> Aim of the exercise
All lines from the one containing "Kinder-Schlitten auf kurze" through the end of the data below are to be transcribed exactly. Leave out the rest.

> Data supplied
————————
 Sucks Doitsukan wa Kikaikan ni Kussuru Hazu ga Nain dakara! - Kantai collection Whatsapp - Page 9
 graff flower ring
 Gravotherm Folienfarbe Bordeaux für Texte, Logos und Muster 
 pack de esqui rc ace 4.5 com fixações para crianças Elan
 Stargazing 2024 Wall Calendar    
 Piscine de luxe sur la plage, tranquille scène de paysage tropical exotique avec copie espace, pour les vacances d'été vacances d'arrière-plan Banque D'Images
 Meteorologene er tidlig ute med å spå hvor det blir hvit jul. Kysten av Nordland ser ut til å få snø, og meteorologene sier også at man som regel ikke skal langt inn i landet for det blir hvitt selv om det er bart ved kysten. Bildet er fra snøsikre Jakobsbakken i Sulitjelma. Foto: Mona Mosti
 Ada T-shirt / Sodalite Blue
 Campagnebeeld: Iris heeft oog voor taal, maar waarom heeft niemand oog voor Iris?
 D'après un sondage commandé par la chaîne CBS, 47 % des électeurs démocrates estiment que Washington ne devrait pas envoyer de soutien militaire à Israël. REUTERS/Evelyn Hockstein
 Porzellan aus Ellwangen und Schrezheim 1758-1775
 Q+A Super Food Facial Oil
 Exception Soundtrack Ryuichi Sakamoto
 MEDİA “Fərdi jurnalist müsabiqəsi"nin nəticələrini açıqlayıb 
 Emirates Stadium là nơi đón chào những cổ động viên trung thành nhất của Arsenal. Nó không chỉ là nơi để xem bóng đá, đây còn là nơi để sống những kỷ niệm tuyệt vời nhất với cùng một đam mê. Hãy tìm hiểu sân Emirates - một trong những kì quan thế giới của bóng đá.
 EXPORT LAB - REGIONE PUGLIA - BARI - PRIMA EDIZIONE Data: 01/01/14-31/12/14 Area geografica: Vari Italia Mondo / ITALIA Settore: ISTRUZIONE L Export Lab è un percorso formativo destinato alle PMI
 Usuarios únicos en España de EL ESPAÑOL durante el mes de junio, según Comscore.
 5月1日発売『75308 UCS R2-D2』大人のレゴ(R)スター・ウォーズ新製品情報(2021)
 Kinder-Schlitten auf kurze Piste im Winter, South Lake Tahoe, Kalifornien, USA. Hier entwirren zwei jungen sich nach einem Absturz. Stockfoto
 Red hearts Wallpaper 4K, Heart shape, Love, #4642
————————
> Output below
 Kinder-Schlitten auf kurze Piste im Winter, South Lake Tahoe, Kalifornien, USA. Hier entwirren zwei jungen sich nach einem Absturz. Stockfoto
 Red hearts Wallpaper 4K, Heart shape, Love, #4642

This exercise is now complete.